The academy is co-sponsored by Wolverhampton University, Wolverhampton College and Wolverhampton City Council, and has specialisms in civil engineering and social care and medical science. The learning approach places a great emphasis on skills and the brief required the development of four learning zones with a mix of cellular and specialist accommodation wrapping around large open-planned skill zone areas.
The design provides a floor level to each of the four learning zones; on each level class-bases wrap around a more open central area, with a series of voids opening up double and triple height top-lit spaces interspersed with centralised accommodation: lecture theatre, hall and café spaces. The main entrance is at first floor level, working with the slope of the site, providing views from the entrance foyer down into the dramatic double height engineering hall.
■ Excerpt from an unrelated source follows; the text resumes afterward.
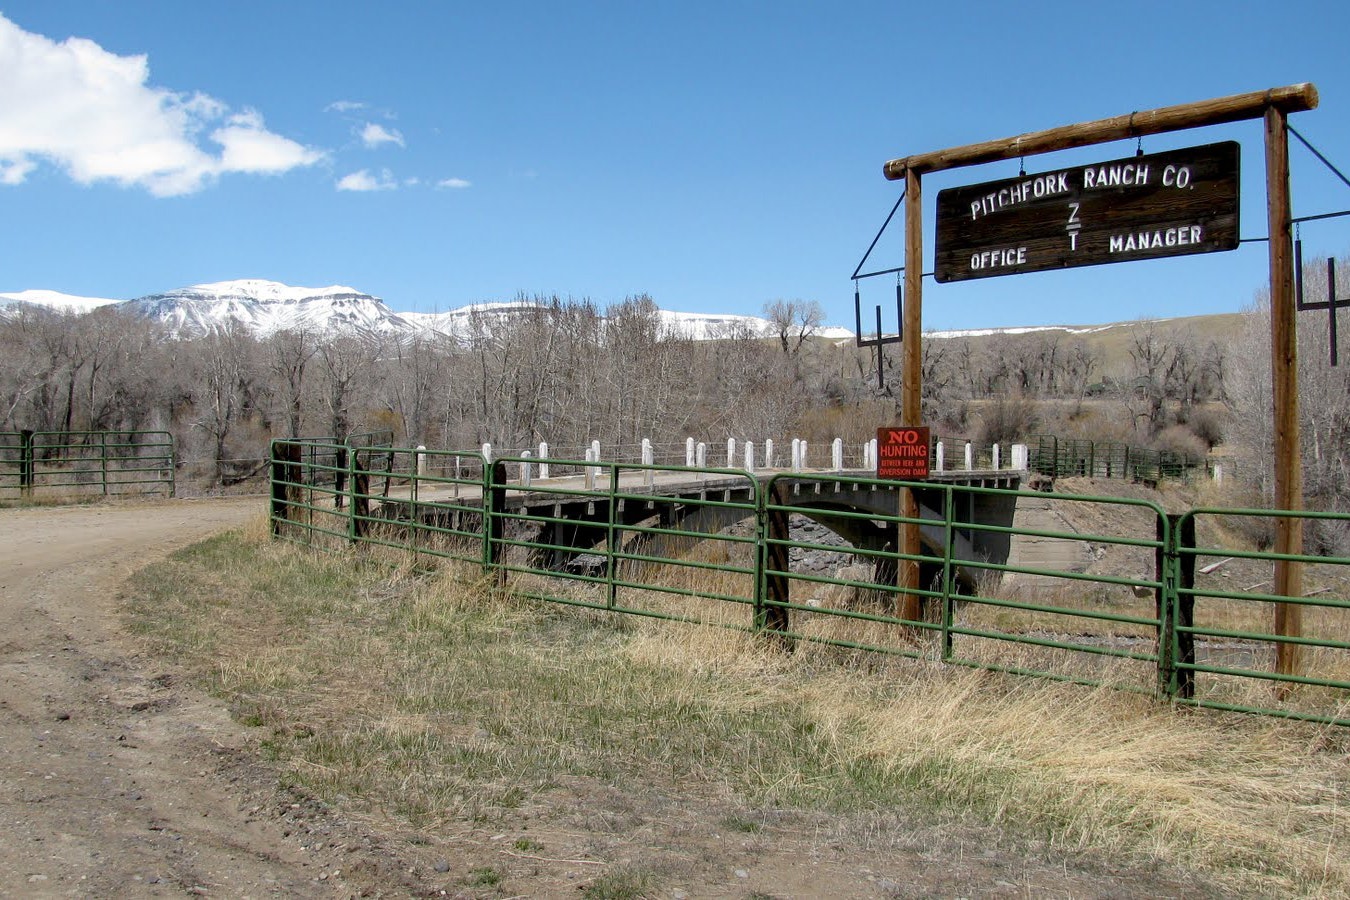 The Pitchfork Ranch has been around in Wyoming since 1878. Now a Texas ranch with the Pitchfork name founded in 1883 is suing for it.

Platforms at different levels provide exciting views between differing storeys, whilst wide internal staircases linking between floors provide both additional informal lecture areas and intuitive wayfinding.
Externally the building has been clad in vertical battens of siberian larch to sit harmoniously with the adjacent woods in what is otherwise a gritty urban area. The concept of interlinked accessible platforms is continued to the envelope with cantilevered projections providing a series of external terraces and sheltered canopies beneath, and also to the landscape offering an excellent range of outdoor sports, learning and recreation spaces for the students. A public art programme involving both students and renowned artists has resulted in a series of interventions to celebrate the historical significance of the industrial heritage of the site and local area.